Bank lending against commercial property has grown in the first six months of 2019, rising to £23.3 billion.
New loans grew from £21 billion in the first half of 2018, which represents a year-on-year growth of 10.9 per cent.
Research from the Cass Business School UK Commercial Real Estate Lending Report indicates that new lending has increased by four per cent compared to last year, with property transactions to the value of £23 billion taking place.
This represents a total of £1 of new debt for every £1 of property value in a transaction in the first six months of 2019, exceeding the ten-year average, which is £0.74 of new debt per £1 of property value in a transaction.
However, experts believe that a significant portion of the new debt came as a result of restructuring and refinancing, with approximately 40 per cent of new debt being used to finance property purchases.

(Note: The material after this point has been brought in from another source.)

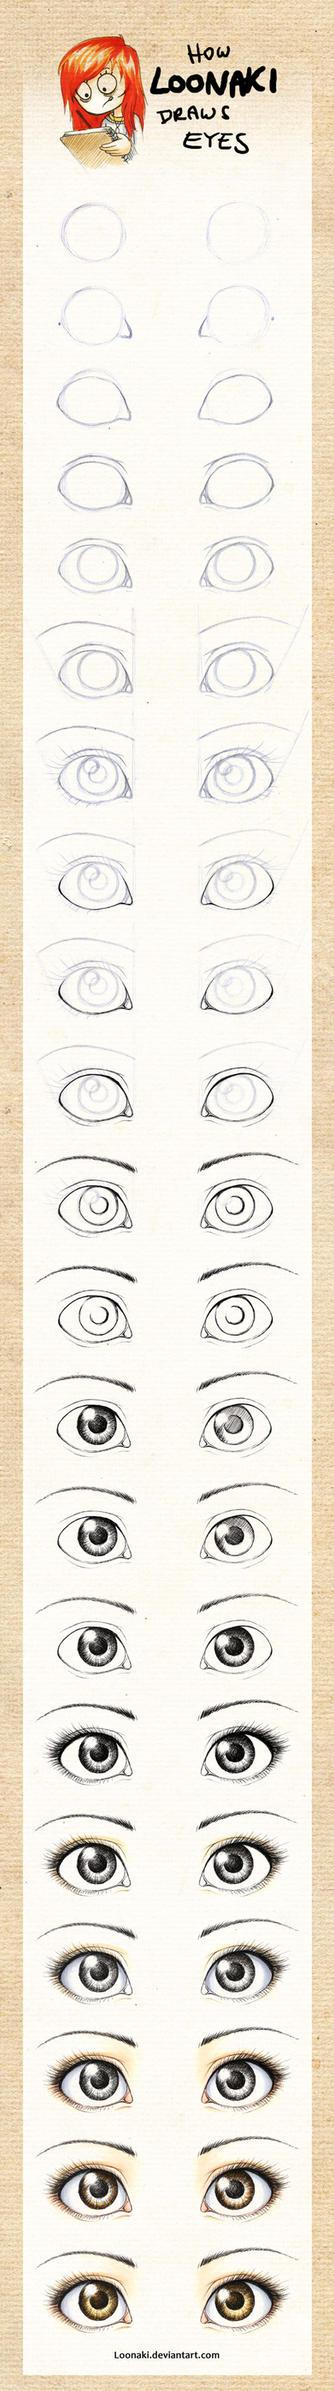 How Loonaki Draws Eyes by Loonaki

The outstanding development finance figure remained static, while undrawn facilities increased from £22 billion at the end of 2018 to £27 billion in the first half of 2019, indicating that more development finance will be available for drawdown in the second half of the year.
Neil Odom-Haslett, President of the Association of Property Lenders, said: “The first six months of 2019 have been challenging due to a number of reasons, notably, the lack of transactions, the structural changes to the retail sector, the uncertainty that Brexit has bought and many lenders being in ‘risk-off’ mode.
Notwithstanding these headwinds, real estate lenders have had an incredibly busy first half as they refinance their legacy loan books and reposition some of their retail lending.”